Kirill: I never went to a film school, so I might be stabbing in the dark here. Was it more on the theoretical side of things, or on a more practical side?
Justin: The digital design program at VFS I would say was more on the practical side. It was largely an overview of web/print design and multi-media. They taught you a scripting, how to shoot on green screen, advanced photoshop, illustrator, after effects, with a bit of art theory and history sprinkled in. Three-quarters of the way through you pick a direction and I moved towards motion graphics.
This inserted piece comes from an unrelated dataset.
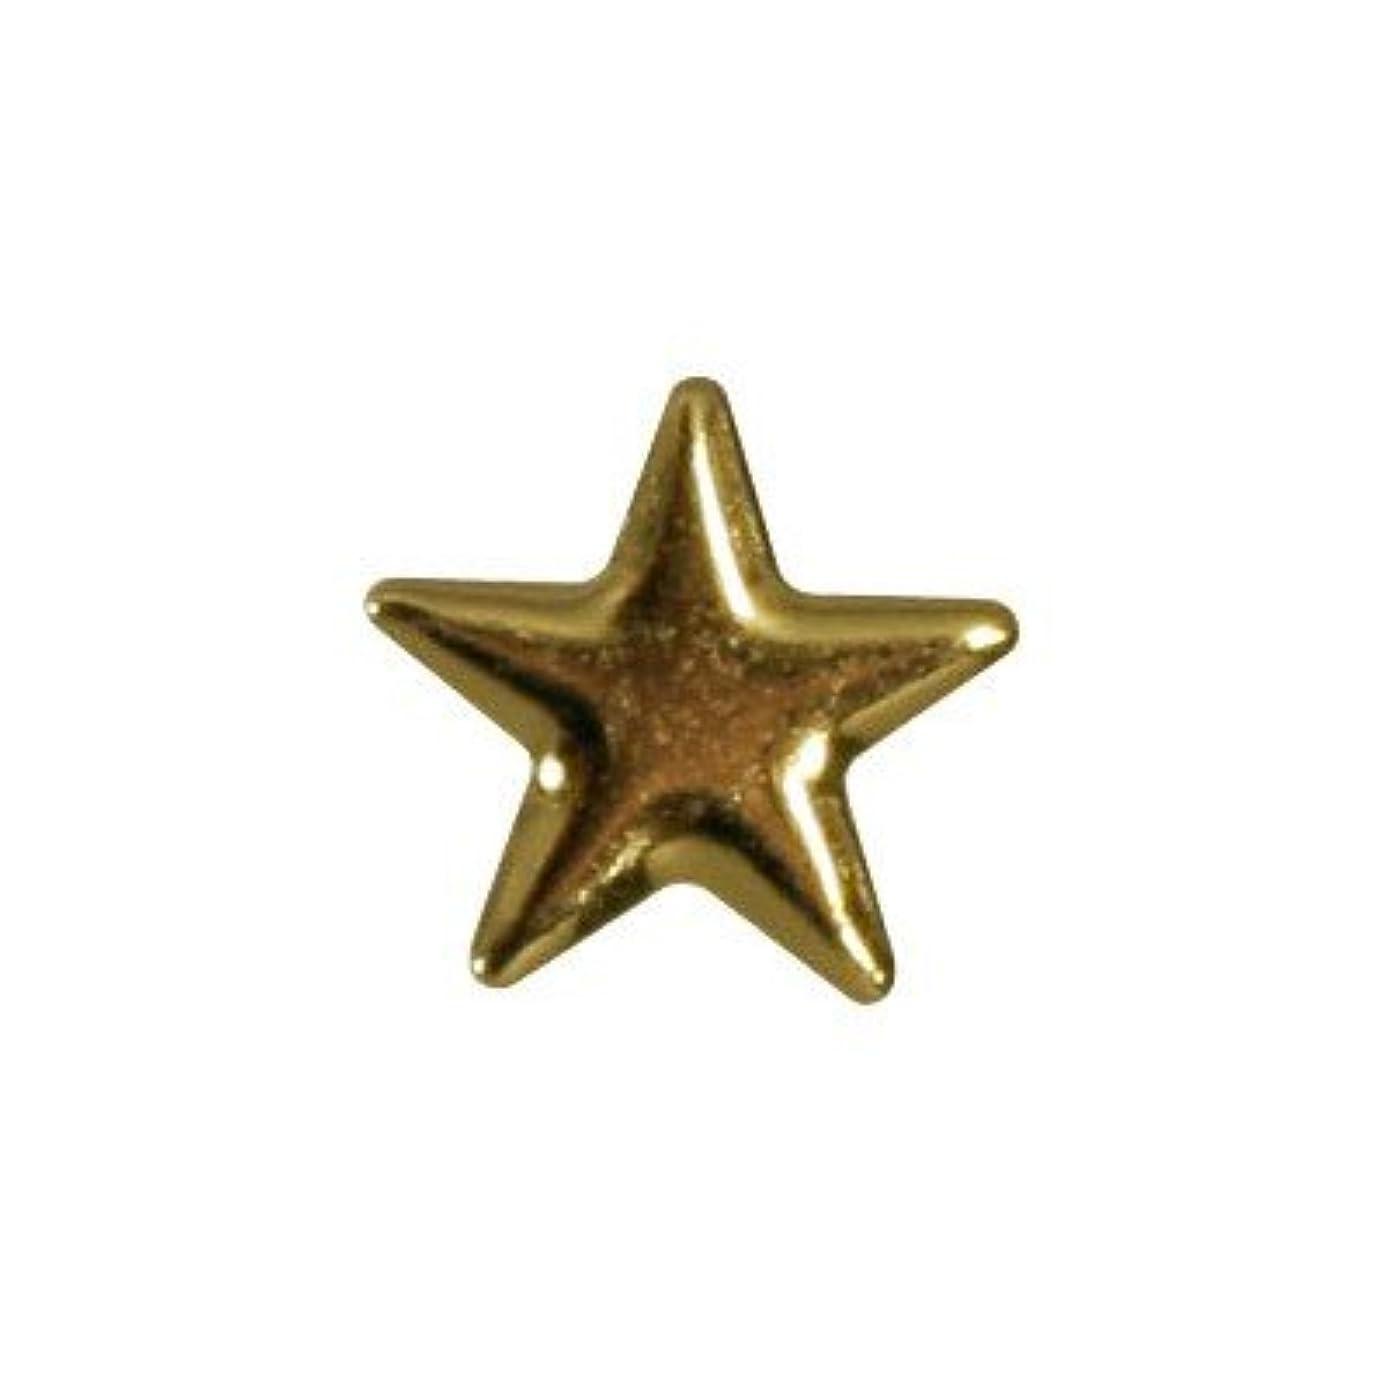 寛解熱心な立ち寄るピアドラ スタッズ メタルスター 5mm 30P ゴールド

Kirill: When I went into university to study computer sciences back in mid 1990s, there was all of a sudden a lot of money getting into the software industry as the World Wide Web was becoming a thing. I remember there were quite a few people in my classes being there because of that promise of money and not because they wanted to be programmers. And a lot of those people fell away after a while. Did something like that happen in your class as people got to see what it actually takes to do digital design as a profession?
Justin: At VFS we were thirty when we started, and when graduation day came around it was down to twenty one or twenty two? So a lot of people kind of realized early that maybe it wasn’t for them. It was also a one year intensive and it was an intense experience but i’d say it was definitely an accurate look at the pace of working in the industry. I was 19 and wanting to expand on my skills more where there were many students advancing themselves that had already been working for years as professionals.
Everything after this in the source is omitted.